Reputation: 372
Let me start by saying that I have exhausted all the various options that I could come up with on my own, and researched each option to all visible dead ends.
I have a typical mysql forum database that includes a post
table with about 880,000 rows. The post
table contains a column for ip address, and my end goal is to create a bubble map of the world based on the geolocation of each post. Even better if I can separate them per month and create an animation of the post frequency around the world for the past 8 years.
Because this is a personal project and accuracy of IP geolocation is not important, I have had to rule out the paid APIs that can batch convert IP to geolocation. I found various questions on stackoverflow that linked to a website with databases of IP geolocations: https://dev.maxmind.com/geoip/geoip2/geolite2/
My initial plan was to load this database onto my forum server, and use my experience with mysql to create a new table with just: postid, date (as a unix timestamp), latitude, longitude, city, country. Then export this table to R and generate all the maps and charts I could ever want. However, the geolocations database is more than 3 million rows across two tables, and my dead forum is on a simple shared hosting plan that doesn't allow LOAD DATA. I tried all the solutions in these questions, to no luck: How to import CSV file to MySQL table access denied for load data infile in MySQL LOAD DATA INFILE within PHPmyadmin PHPMyAdmin saying: The used command is not allowed with this MySQL version
So my next idea was to export the relevant columns from my post table to .csv or .xml, then upload those to my account at iacademy3.oracle.com. However, I'm not experienced in oracle and the only method I knew is the Data Load/Unload UI in the Data Workshop. The 177MB XML file failed to upload with the following error:
ORA-31011: XML parsing failed ORA-19202: Error occurred in XML processing LPX-00222: error received from SAX callback function
Error loading XML.
Return to application.
The 34MB .csv file failed to upload on two attempts with this error:
Failure of Web Server bridge:
No backend server available for connection: timed out after 10 seconds or idempotent set to OFF or method not idempotent.

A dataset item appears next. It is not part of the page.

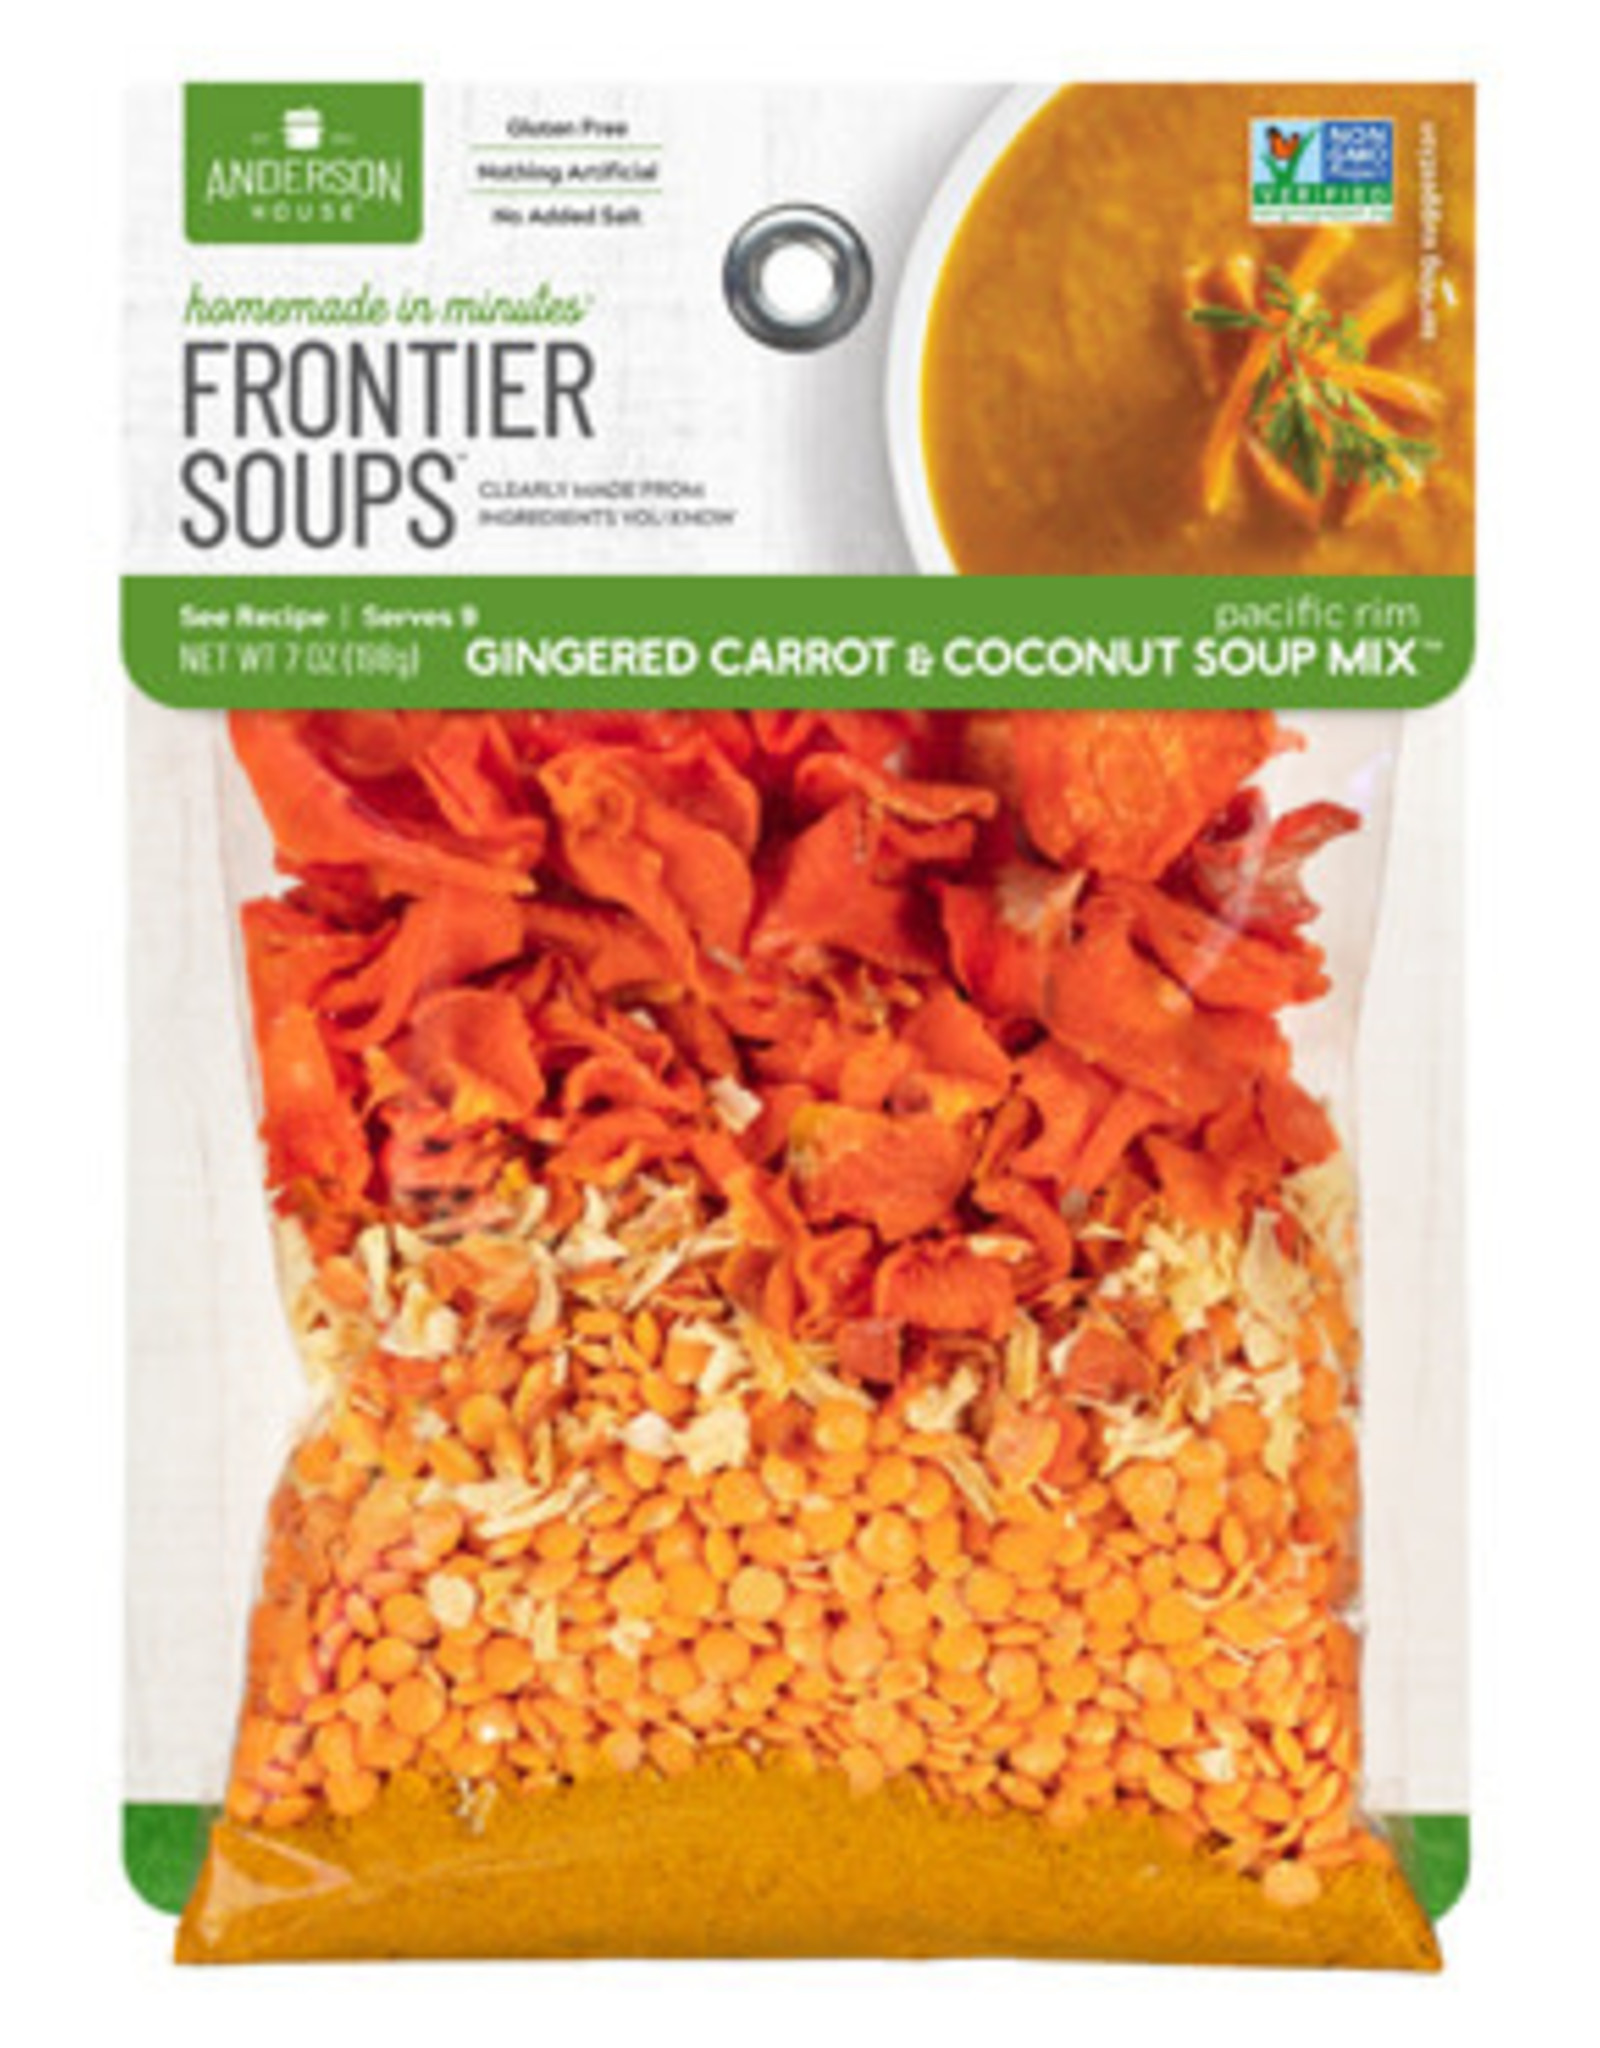 Frontier Soups PACIFIC RIM GINGERED CARROT & COCONUT SOUP MIX

Now I'm out of ideas. On a post by post basis, it's a simple query to look at the post IP, compare it to the geolocations database, and have the latitude and longitude. But when working with millions of rows, I don't know how to get to my end result.

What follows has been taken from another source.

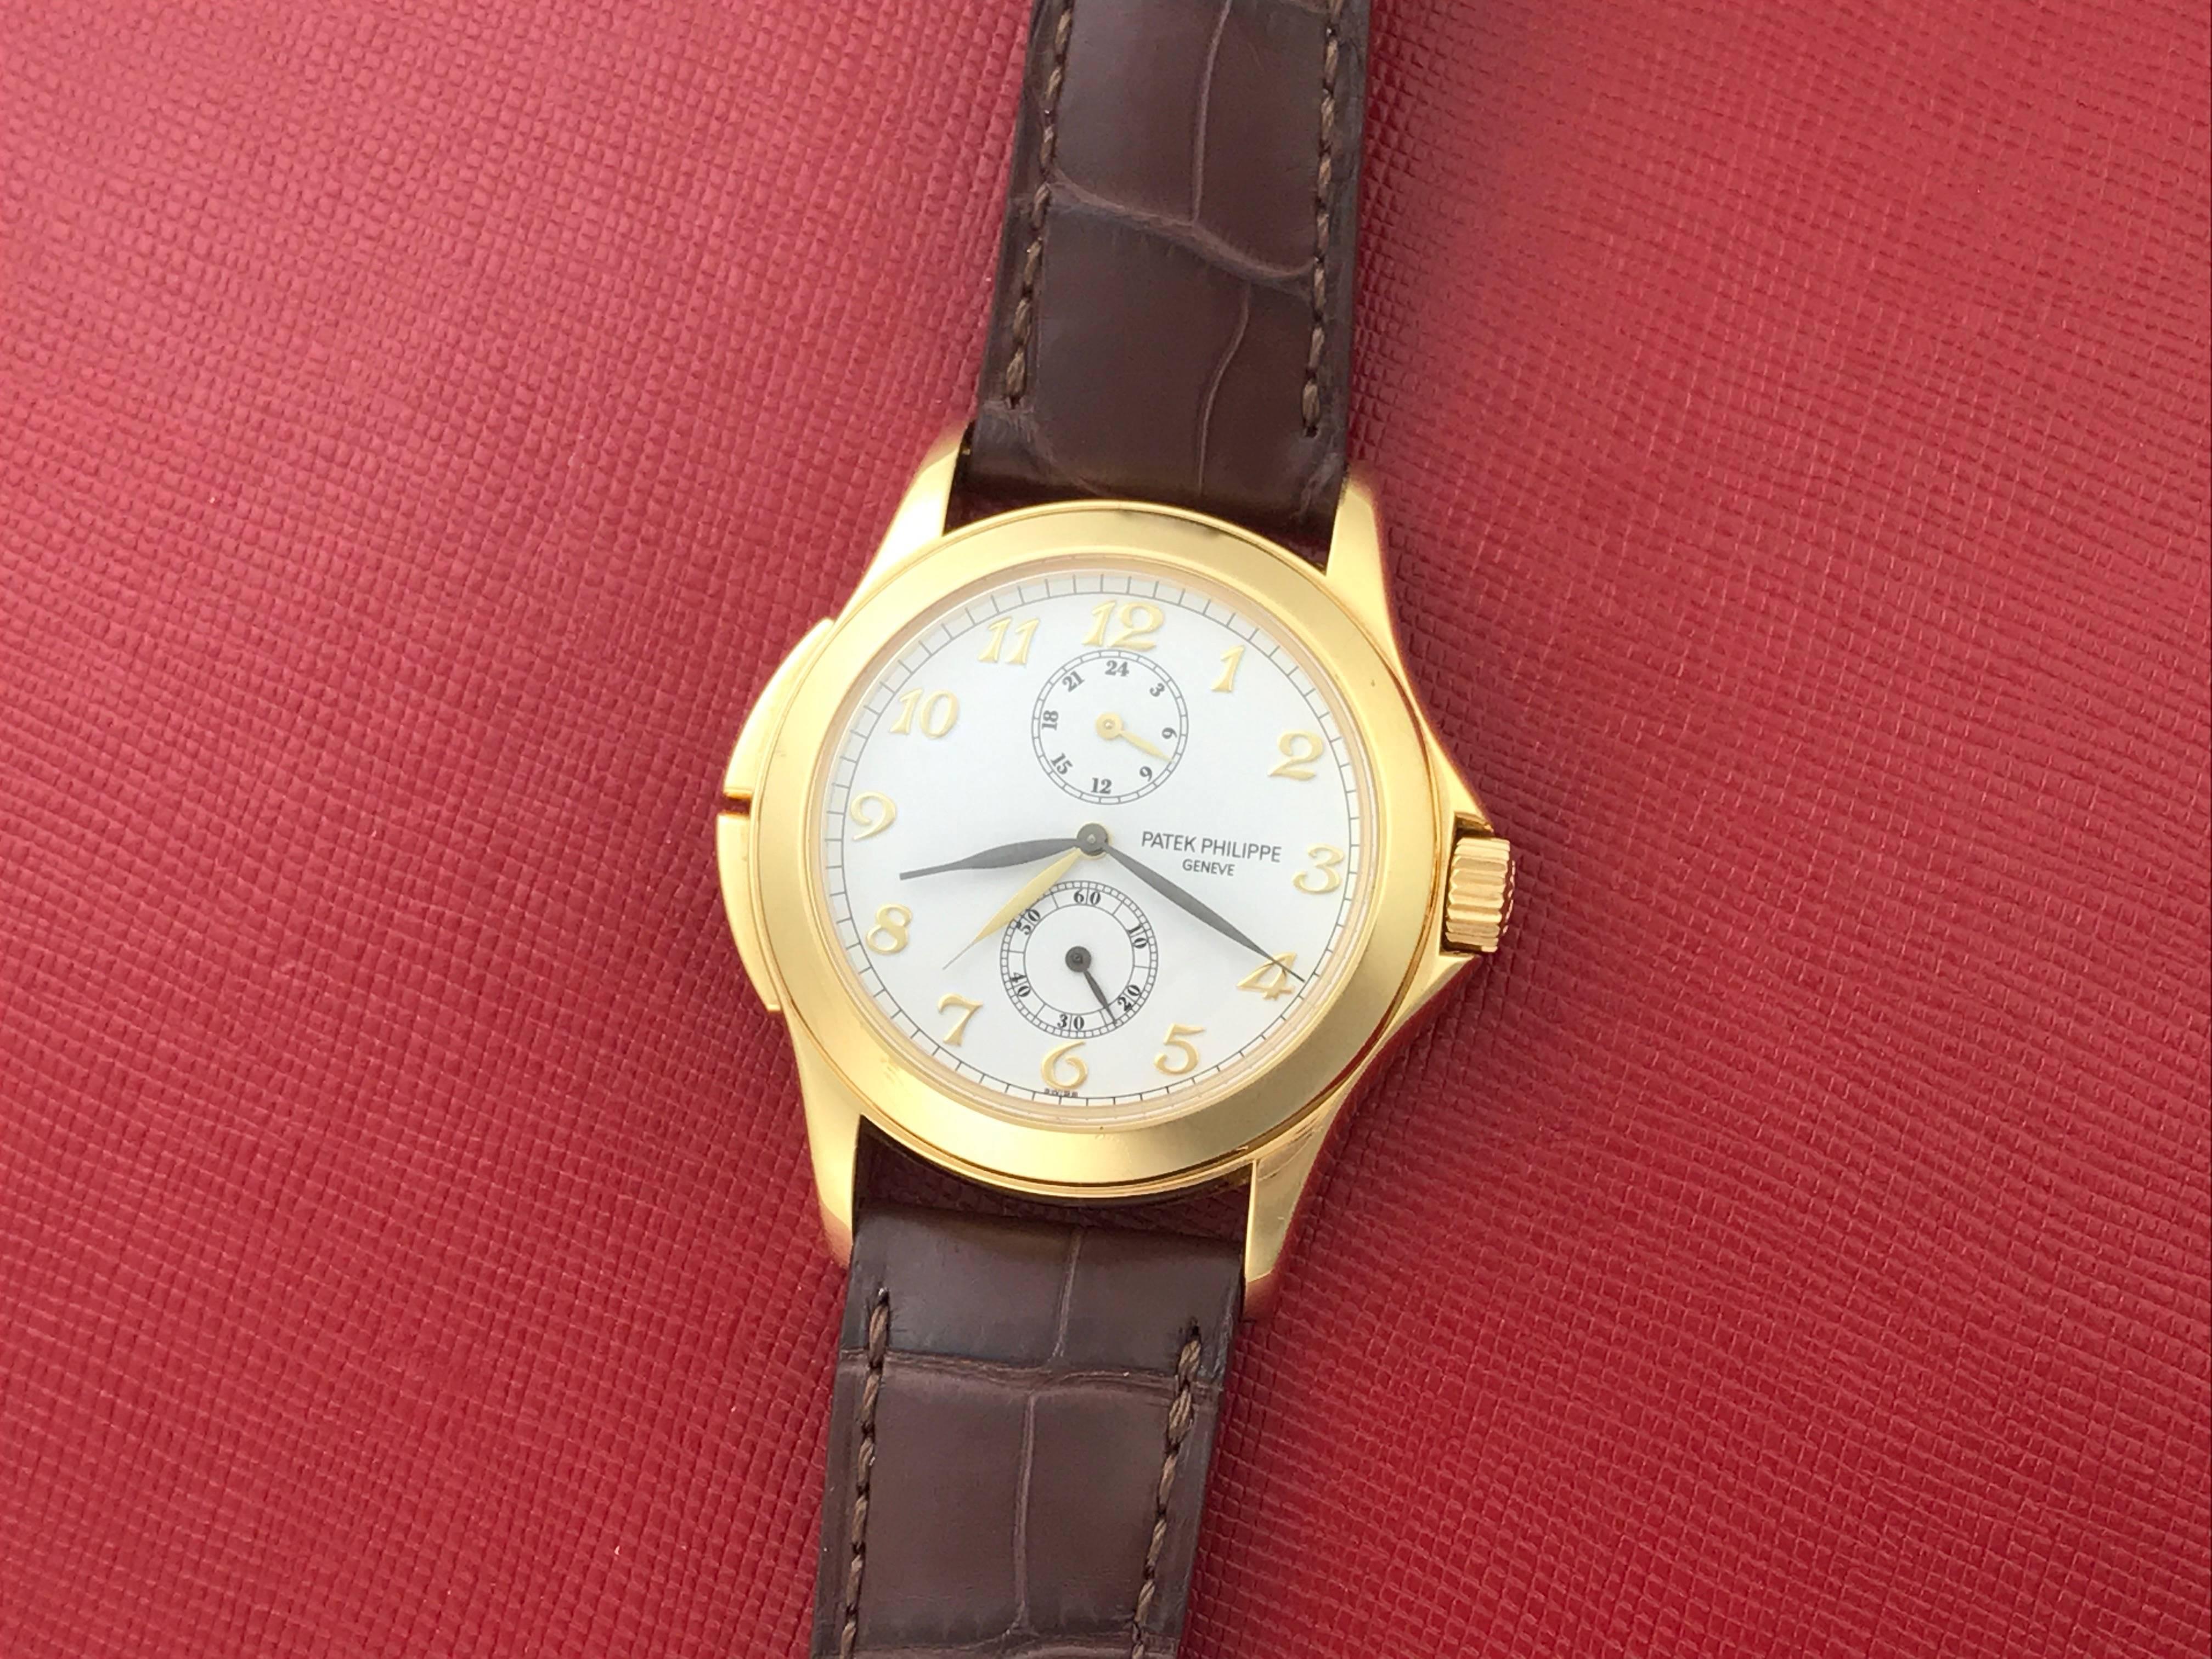 Contemporary Patek Philippe Yellow Gold Travel Time Manual Wind Wristwatch

Any advice on new approaches or help with my dead ends would be greatly appreciated.
Upvotes: 1
Views: 391
Reputation: 78812
We'll generate some IP addresses, geolocate tem and plot them:
library(iptools)
library(rgeolocate)
library(tidyverse)
Generate a million (way too uniformly distributed) random IPv4 addresses:
ips <- ip_random(1000000)
And, geolocate them:
system.time(
rgeolocate::maxmind(
ips, "~/Data/GeoLite2-City.mmdb", c("longitude", "latitude")
) -> xdf
)
## user system elapsed
## 5.016 0.131 5.217
5s for 1m IPv4s. 👍🏼
Now due to the uniformity, the bubbles will be stupid small, so just for this example we'll round them up a bit:
xdf %>%
mutate(
longitude = (longitude %/% 5) * 5,
latitude = (latitude %/% 5) * 5
) %>%
count(longitude, latitude) -> pts
And, plot them:
ggplot(pts) +
geom_point(
aes(longitude, latitude, size = n),
shape=21, fill = "steelblue", color = "white", stroke=0.25
) +
ggalt::coord_proj("+proj=wintri") +
ggthemes::theme_map() +
theme(legend.justification = "center") +
theme(legend.position = "bottom")
You can see what I mean abt "too uniform". But, you have "real" IPv4s, so you should be gtg.
Consider using scale_size_area()
, but, honestly, consider not plotting IPv4s on a geo-map at all. I do internet-scale research for a living and the accuracy claims leave much to be desired. I rarely go below country-level attribution for that reason (and we pay for "real" data).
Upvotes: 3